Not being able to breathe and having the Heimlich manoeuvre to dislodge a grape was horrible, the thought of it happening to a child in my care gives me the fear.

silverbell64 · 09/09/2017 19:07

Grapes should be cut, I get that now but this is not the crux of the matter in the OP's post.

KC225 · 09/09/2017 19:07

Clearly it's given you the pip

NeedsAsockamnesty · 09/09/2017 19:15

Ever single primary school I have had kids at will not allow under 8's to have grapes unless they are cut

TheEdgeOfGlory266 · 09/09/2017 19:16

I'm so chilled out about most things but the thought of giving an 18 month to 2 year old grapes terrifies me.
But you know, horse for courses and all that.

scottishdiem · 09/09/2017 19:19

I went to school at age 4 (Scotland). I didnt have anyone cutting up my food for me and if I had a pack lunch it had grapes from grandparents greenhouse. Uncut.

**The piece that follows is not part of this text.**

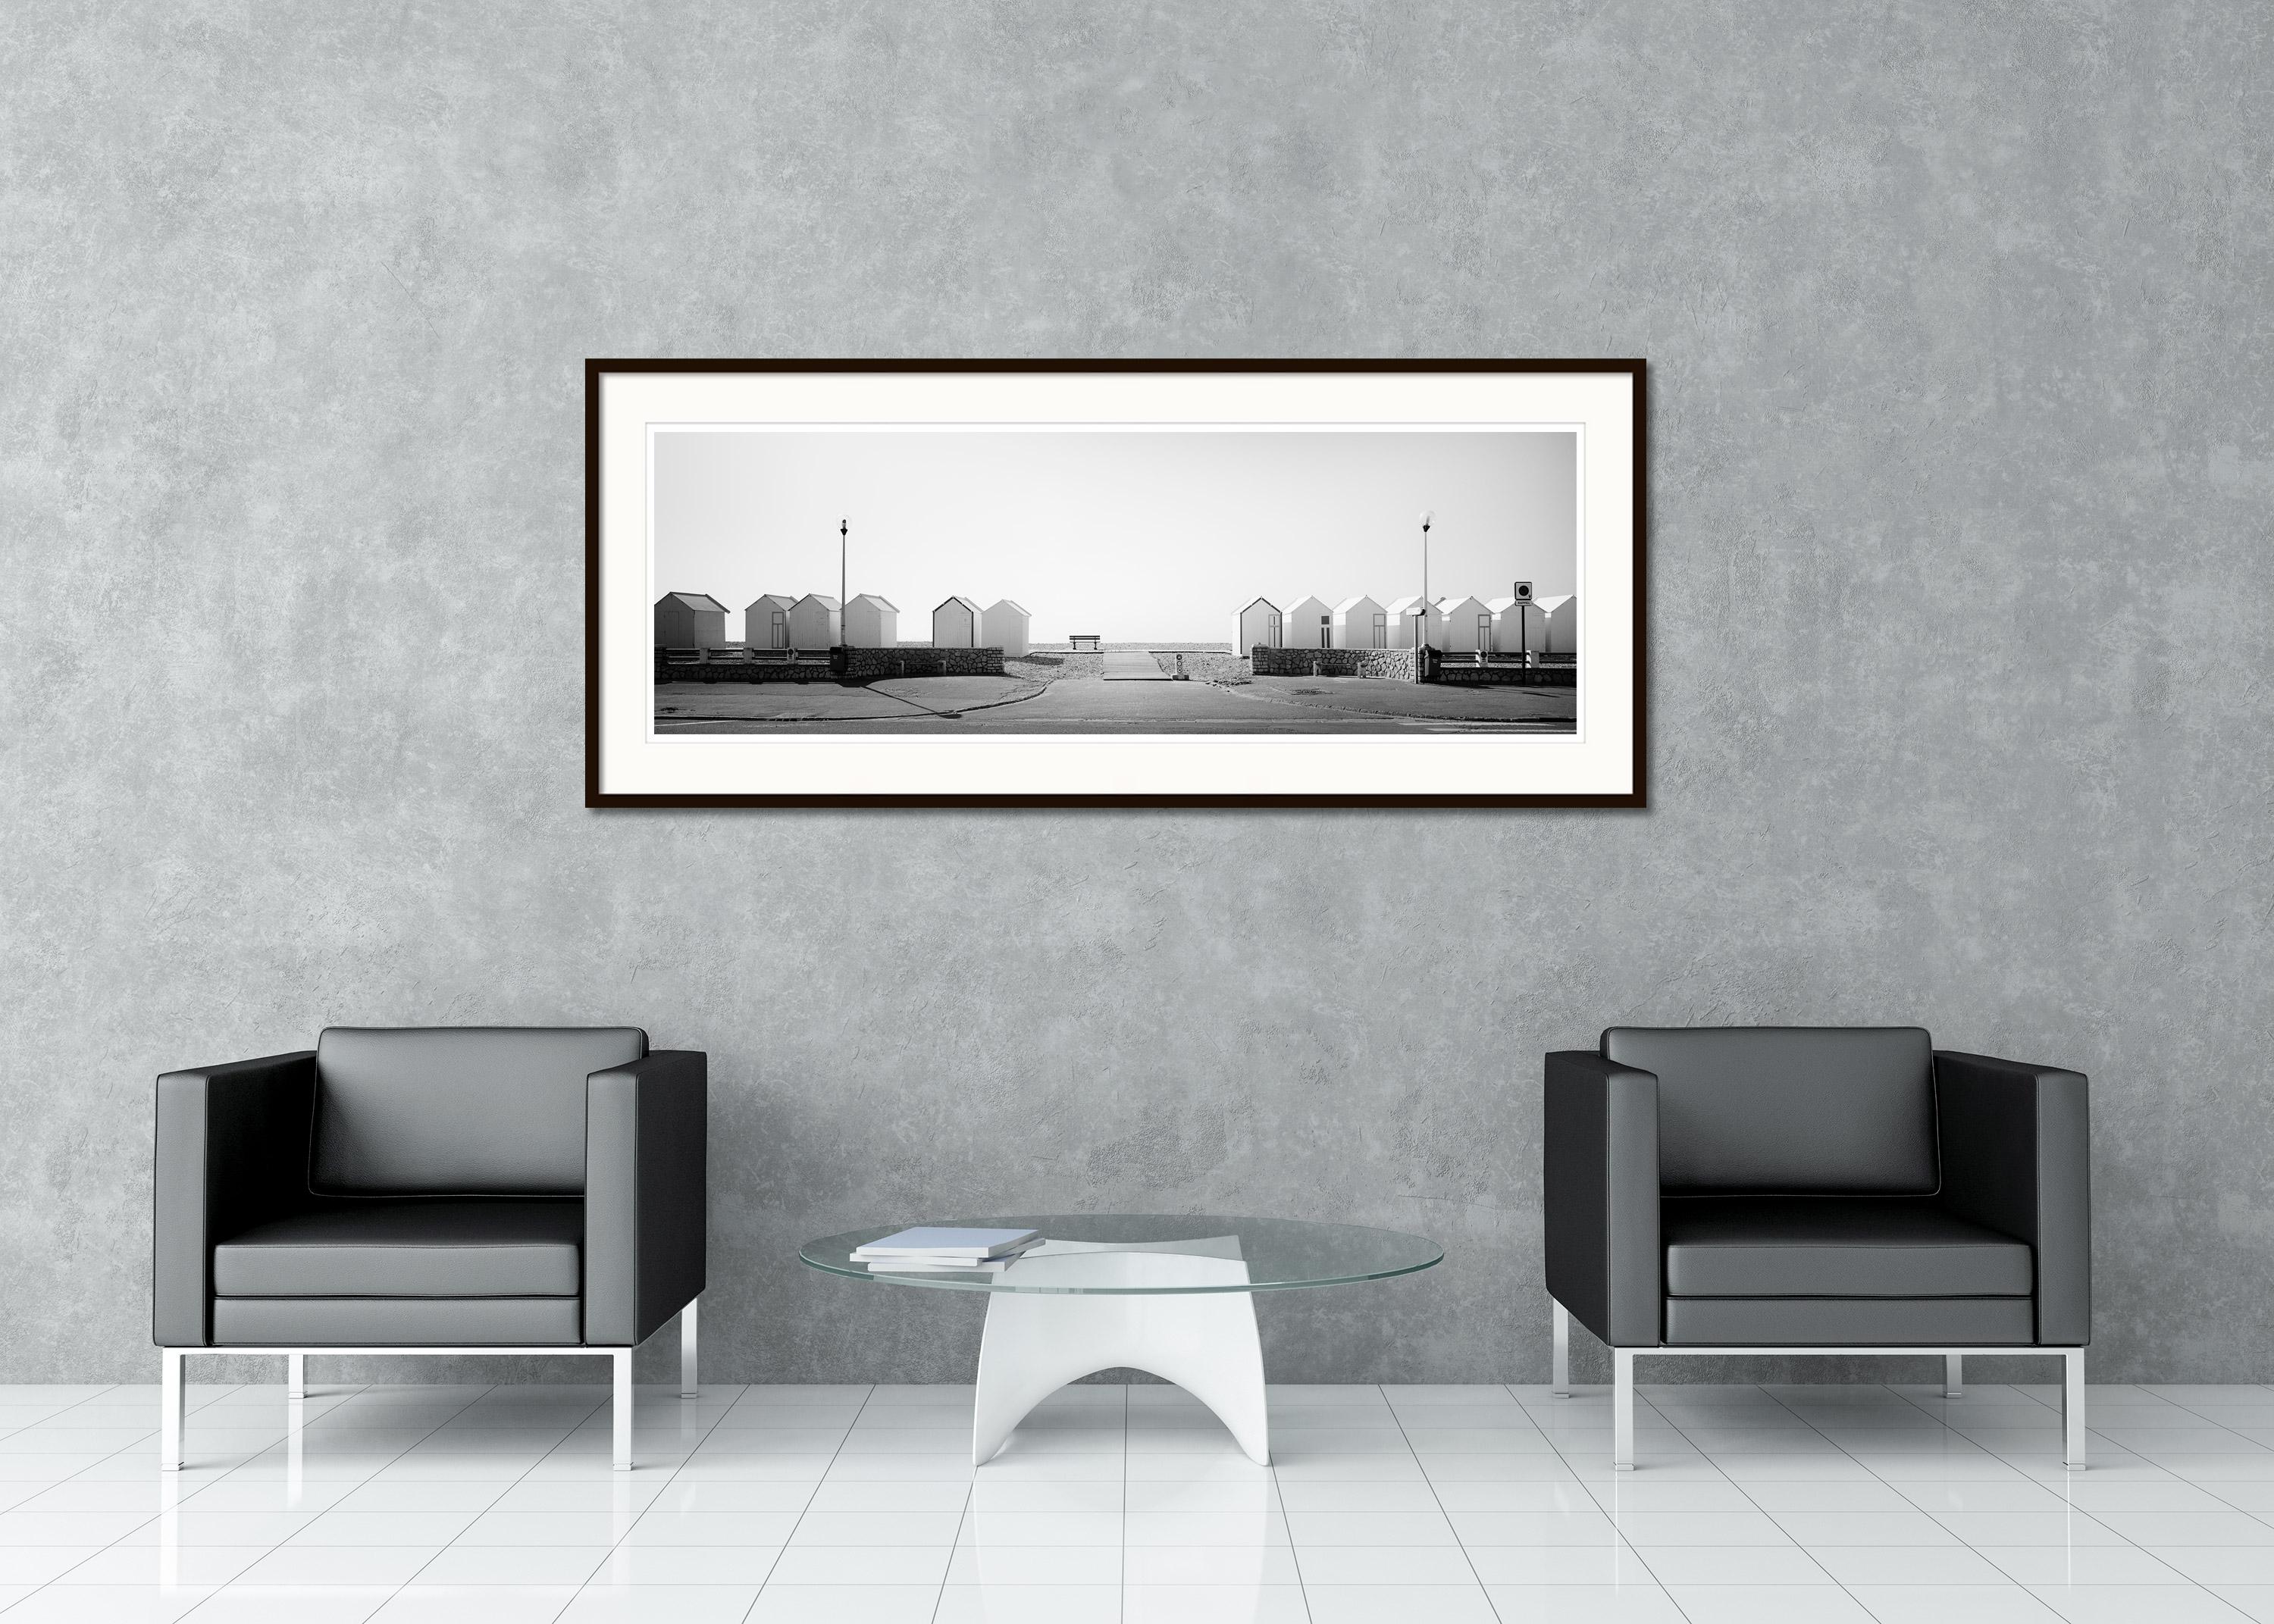 Black and white fine art panorama landscape photography. Archival pigment ink print as part of a limited edition of 7. All Gerald Berghammer prints are made to order in limited editions on Hahnemuehle Photo Rag Baryta. Each print is stamped on the

How do parents who do cut things up for their children cope when they go to school?

Mamabear4180 · 09/09/2017 19:20

YANBU for cutting up grapes but why is it such a sensitive issue for you? Has something else happened?

It's crazy to be that upset hours later after an apology. It sounds a bit childish!

DonkeyOaty · 09/09/2017 19:21

Its not things. Its grapes. The rest will likely dislodge without much more than a back slap or abdominal thrust.

zzzzz · 09/09/2017 19:24

This reply has been deleted

Message withdrawn at poster's request.

strawberrygate · 09/09/2017 19:27

I have no idea why anyone thinks that they need to cut fruit up for a 4 year old who has teeth
because every year a couple of young children choke to death on grapes. it is a very well known choking hazard and depending on the age of the child they should be cut up till they're 5 - 7 years old. HTH

TooStressyForMyOwnGood · 09/09/2017 19:29

I'd be annoyed if, despite explanation of why they are so dangerous, my husband routinely used the fact that I cut up grapes against me in an argument (he wouldn't). It would illustrate the fact that he either couldn't or wouldn't understand danger and that he would imply I was paranoid over something that is absolutely not paranoia. It's a low blow and shows an inability to risk assess. I'd still be upset.